SHAIP Africa has urged Ghanaians to accept the malaria vaccine without any panic but rather trust in the competence of the Food and Drugs Authority (FDA).
This is because vaccines used by the Ghana Health Service (GHS) are approved by the requisite local and international bodies, while proper measures are always put in place to ensure that the beneficiaries were safe.
“SHAIP Africa would also like to urge the FDA to ensure an effective Pharmacovigilance progamme as they do for all newly introduced vaccines as a matter of public interest to maintain the continuous trust of Ghanaians in the FDA Ghana and in vaccines.”
These were contained in a press statement, signed by Mr Clement Clinton Blay, Chief Executive Officer of the pro-health Non Governmental Organisation, and copied to the Ghana News Agency, in Accra, on Thursday.
SHAIP Africa said over the years, vaccines had been of substantial help to Ghana and Africa as a whole, therefore, the malaria vaccine should not be met with hostility as a section of the public were doing out of naivety.

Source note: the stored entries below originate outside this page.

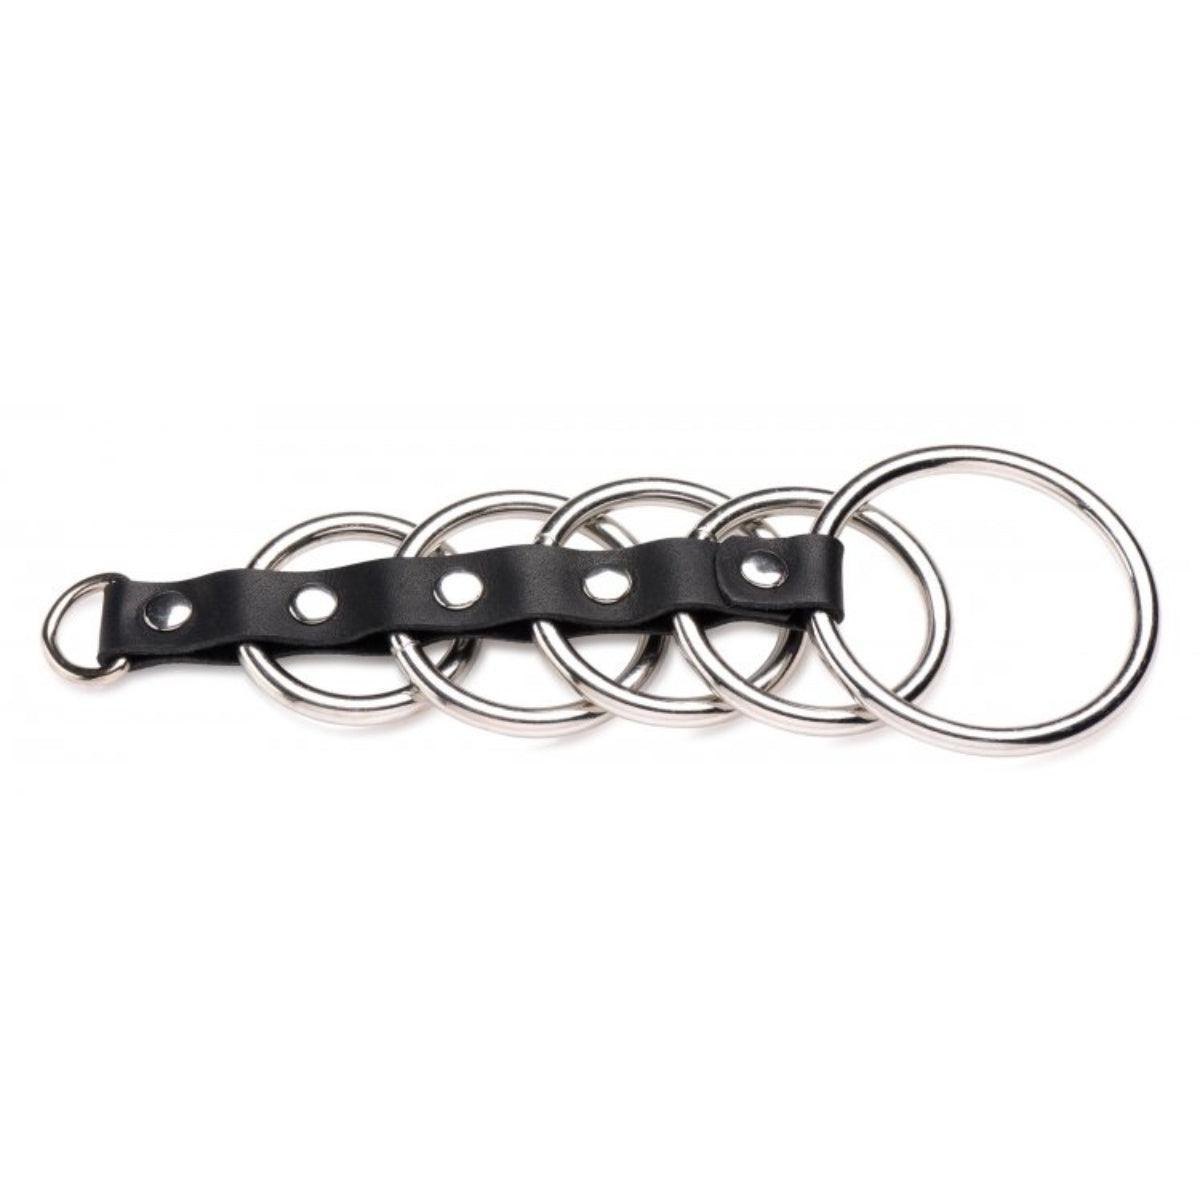 Strict Leather Cock Gear Gates Of Hell Leather Chastity Device
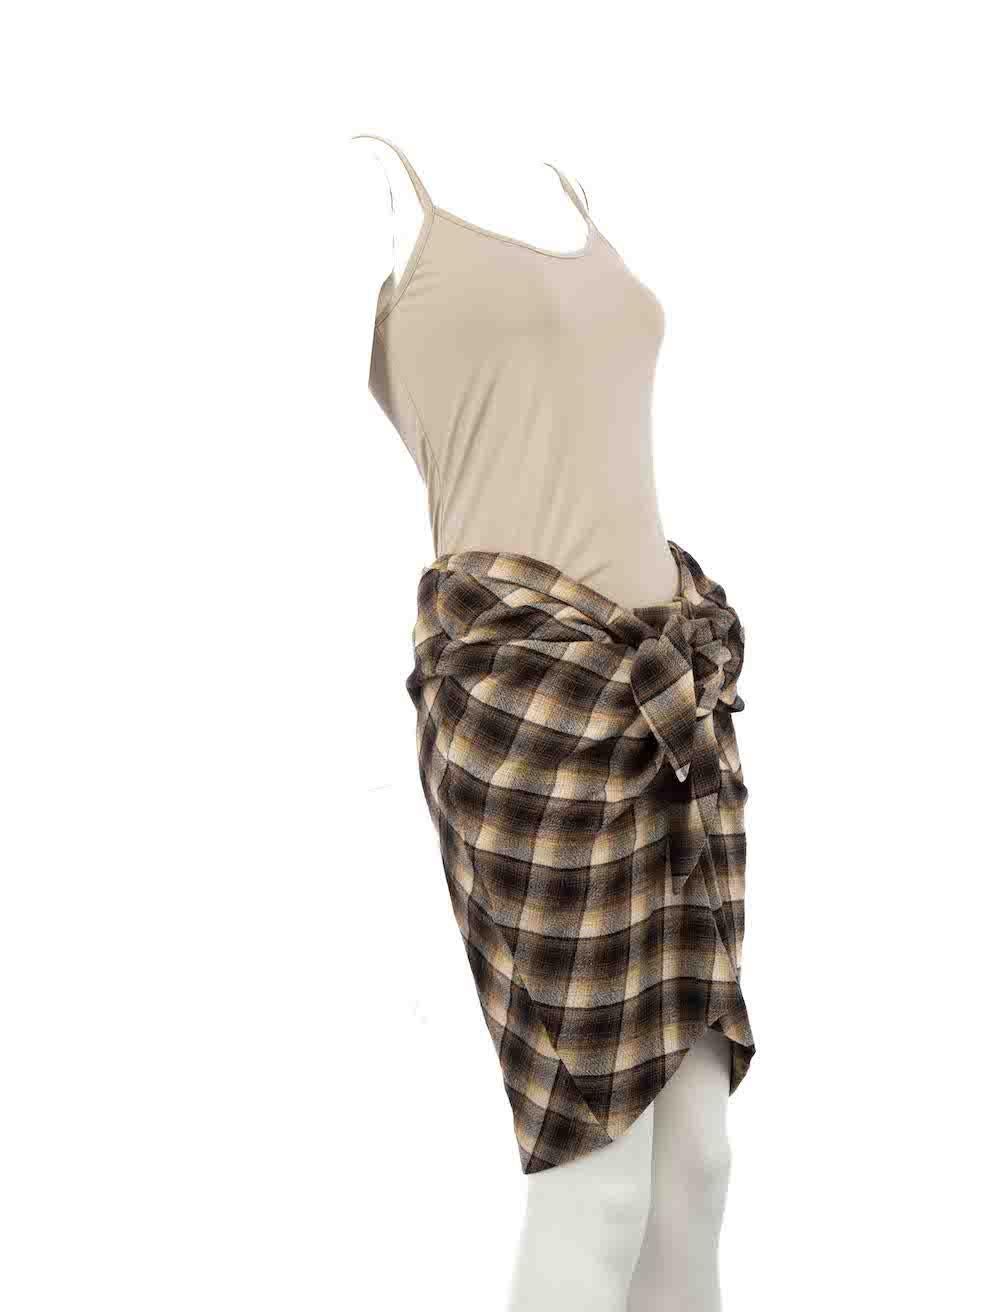 CONDITION is Very good. Hardly any visible wear to skirt is evident on this used Isabel Marant Étoile designer resale item.
 
 
 
 Details
 
 
 Brown
 
 Wool
 
 Skirt
 
 Tartan pattern
 
 Mini
 
 Draped hem
 
 Pleated detail
 
 
 
 
 
 Made in

The Expanded Programme on Immunisation (EPI), adopted by Ghana in 1978, has about 13 vaccines in use in the country as well as some parts of Africa.

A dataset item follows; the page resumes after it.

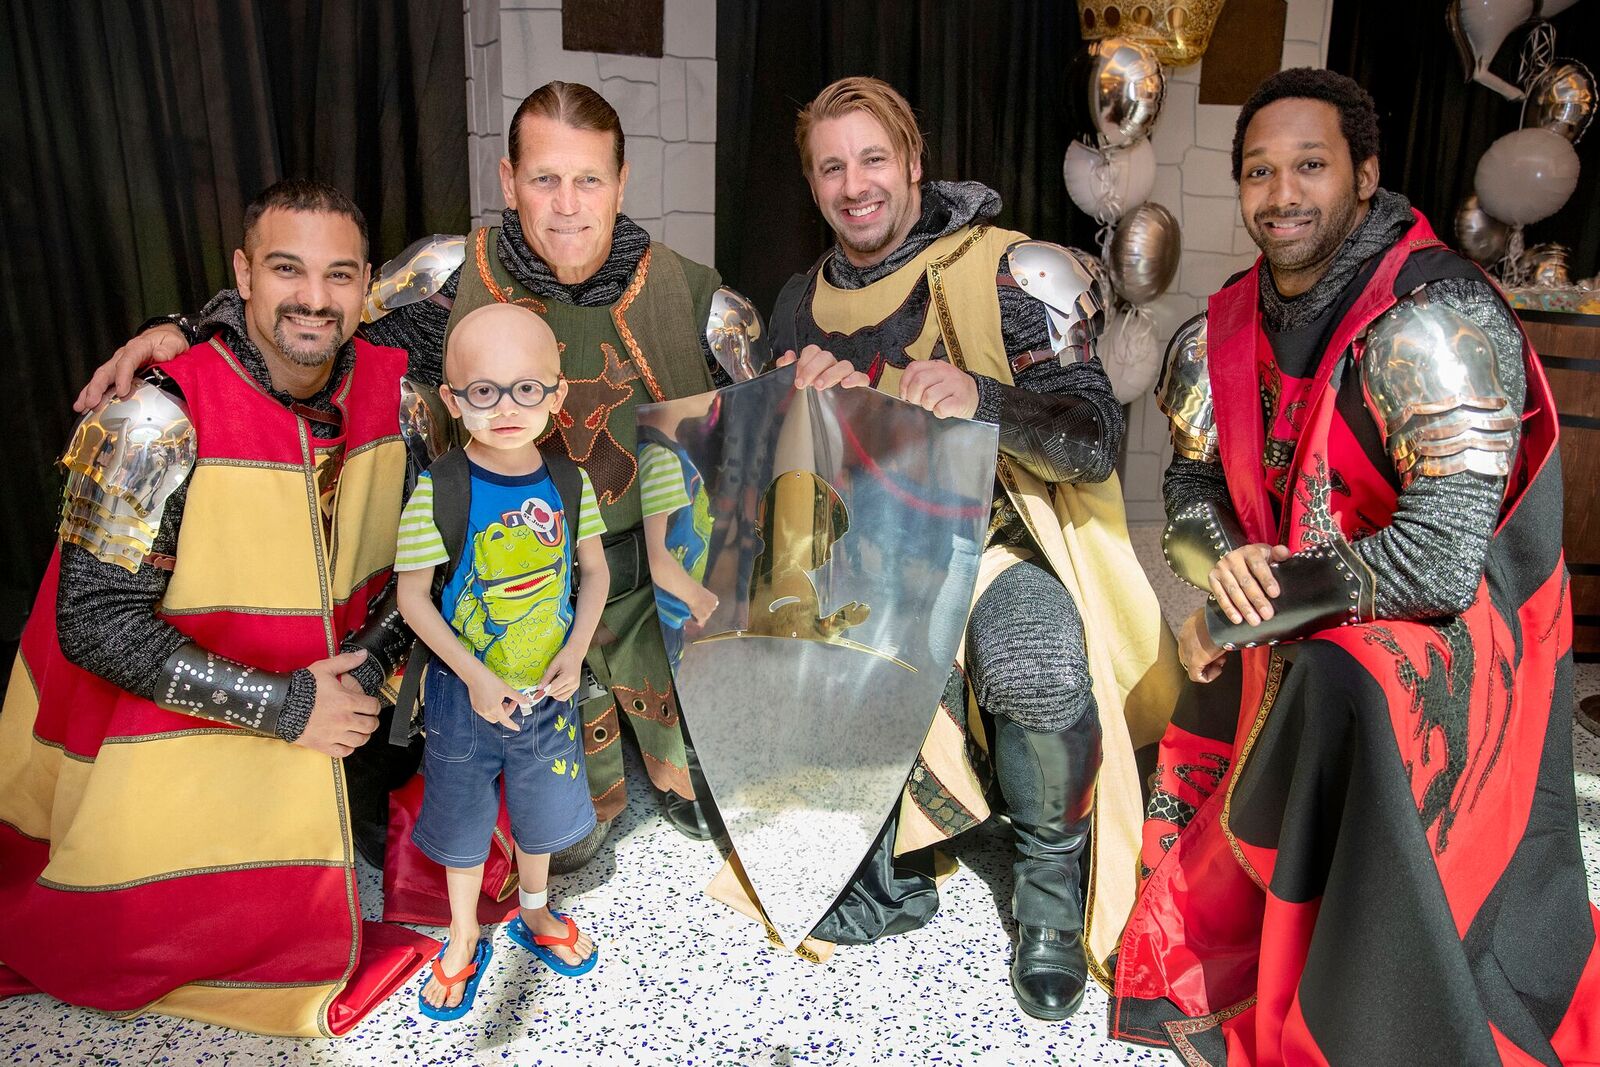 Medieval Times Host St. Jude’s Benefit Show

“As a reminder, these include vaccines for Polio, Tuberculosis, Diphtheria, Tetanus, Whooping Cough, Yellow Fever, Measles, and Meningitis among others... the benefits of which could never be downplayed,” SHAIP Africa said.
It urged the pharmaceutical industry and other stakeholders to join in the fight, with the conviction that the fight against malaria was a multifaceted one.
Vaccinations work by boosting the body’s immune system's ability to fight certain infections by teaching the immune system to recognise and fight specific organisms so that when they are exposed to them, there is a much lower risk of getting sick.
GlaxoSmithKline plc (gsk) a British multinational pharmaceutical company, has led the development of malaria vaccine over decades.
The Phase three trial of the malaria vaccine was conducted by the company, in partnership with the Bill & Melinda Gates Foundation and a network of African research centres over five years from 2009, in seven sub-Saharan African countries.
They are Burkina Faso, Gabon, Ghana, Kenya, Malawi, Mozambique and the United Republic of Tanzania, enrolling approximately 15,500 infants and young children.
Children who received four doses of the vaccine have a significantly lower risk of developing malaria
Following a joint review, convened by the African Vaccine Regulatory Forum (AVAREF) in May 2018, the National Regulatory Authorities of Ghana, Kenya and Malawi authorised the vaccine for use in Ghana, Malawi and Kenya, who are participating in this pilot project.